--- Data to use Enclosed Below ---
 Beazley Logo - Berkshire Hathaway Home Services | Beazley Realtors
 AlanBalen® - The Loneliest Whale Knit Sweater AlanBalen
--- End of Enclosed Data to use ---
--- Data to use Enclosed Below ---
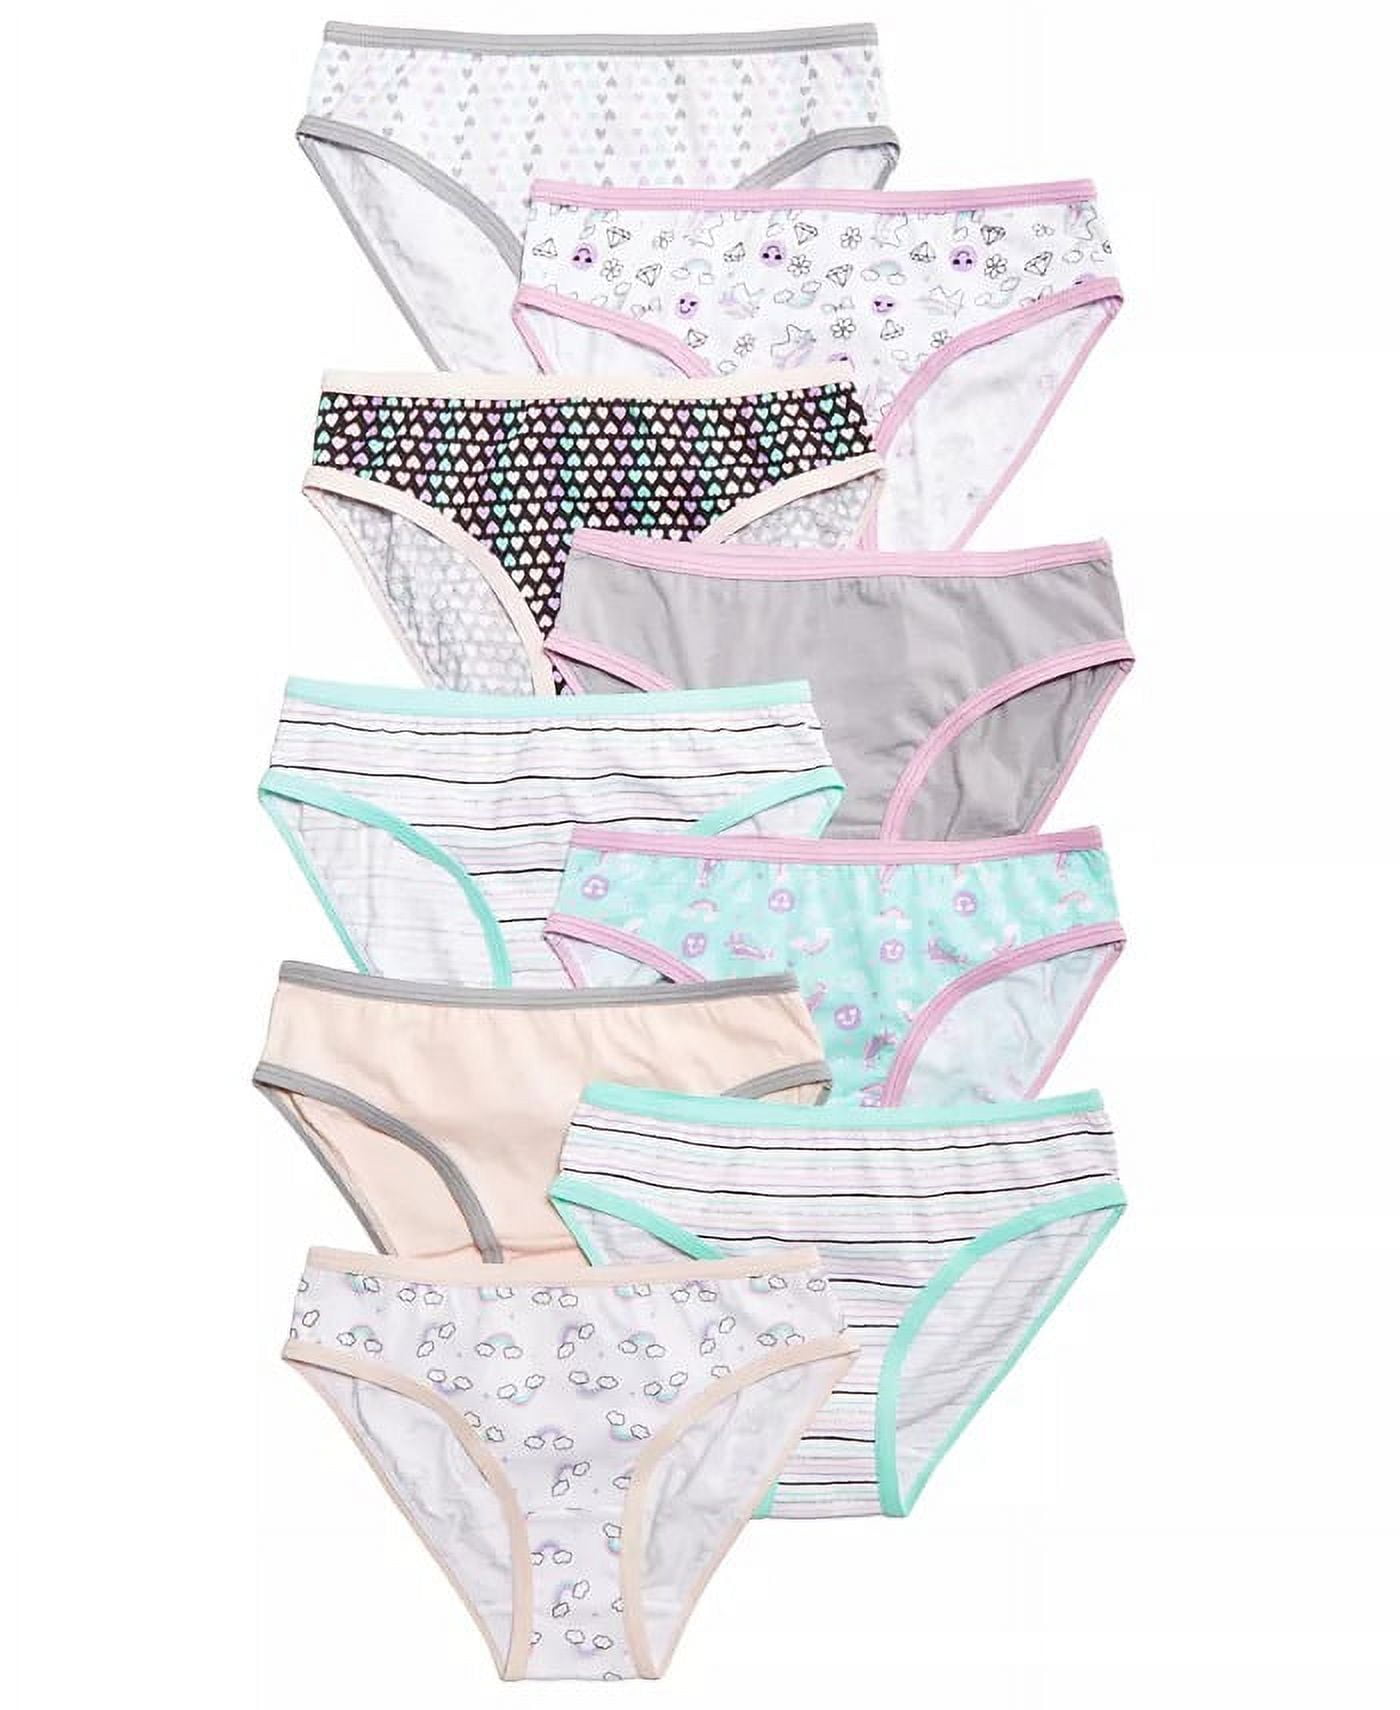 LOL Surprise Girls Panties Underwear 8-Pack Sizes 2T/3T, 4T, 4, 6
--- End of Enclosed Data to use ---
--- Data to use Enclosed Below ---
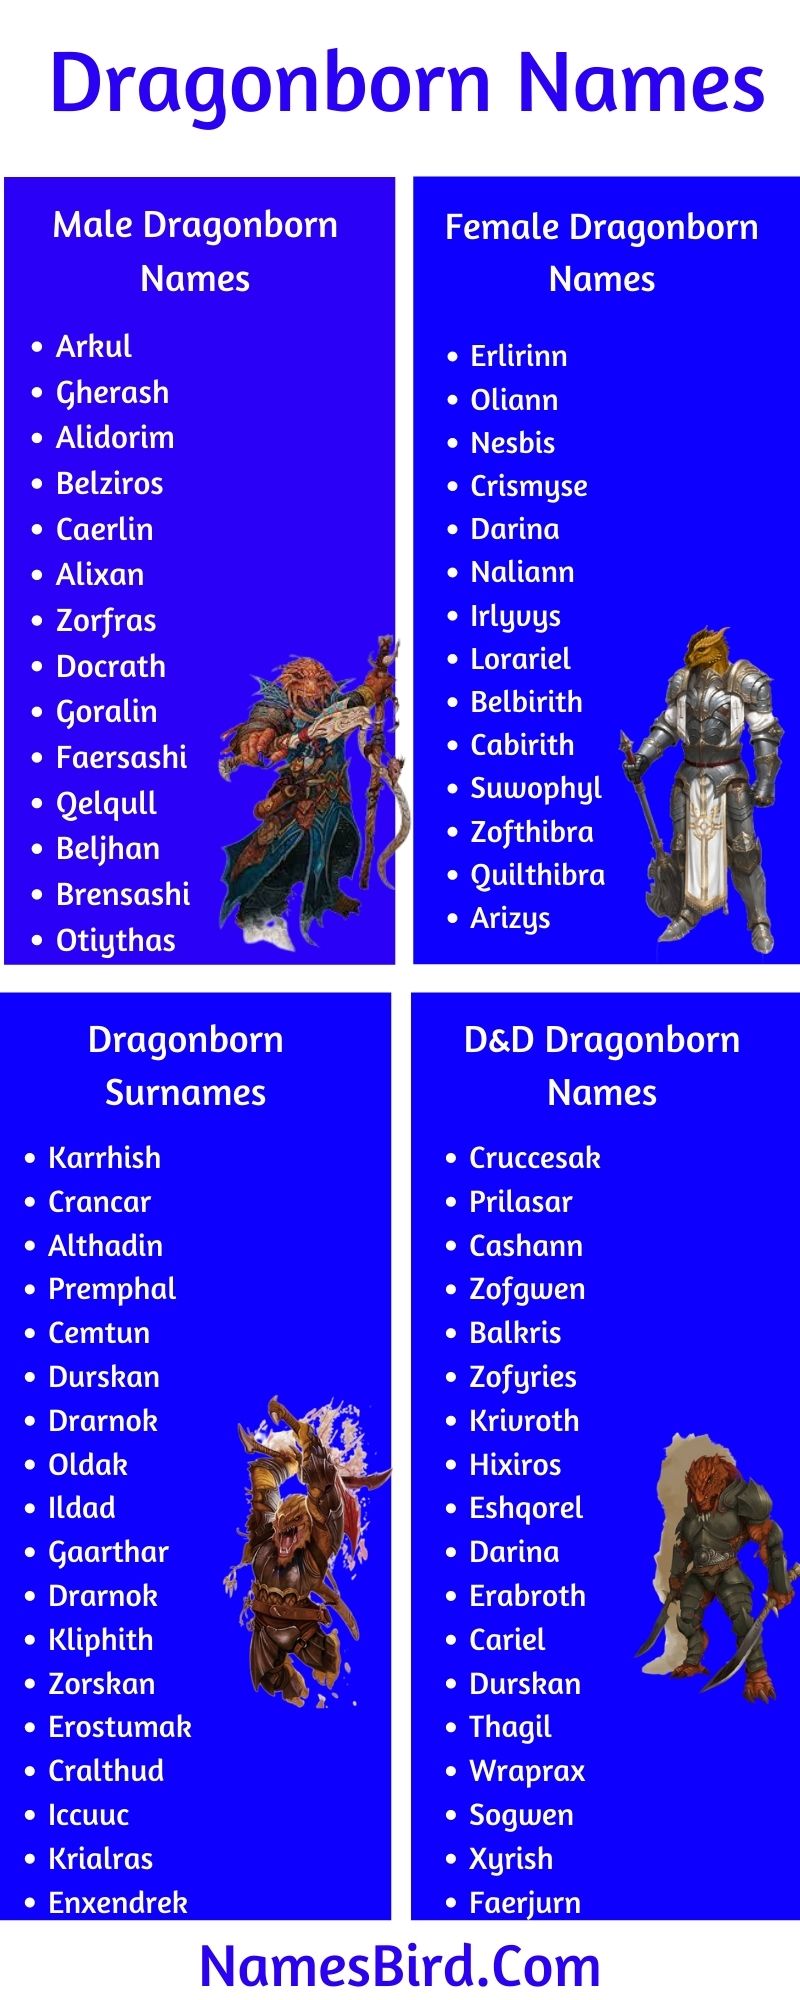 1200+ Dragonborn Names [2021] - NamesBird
--- End of Enclosed Data to use ---
**Exercise brief**.
Using only the listing above, restate exactly the lines from the line containing "Beazley Logo - Berkshire" through the line containing "AlanBalen® - The", both included.

**Exercise output**.
 Beazley Logo - Berkshire Hathaway Home Services | Beazley Realtors
 AlanBalen® - The Loneliest Whale Knit Sweater AlanBalen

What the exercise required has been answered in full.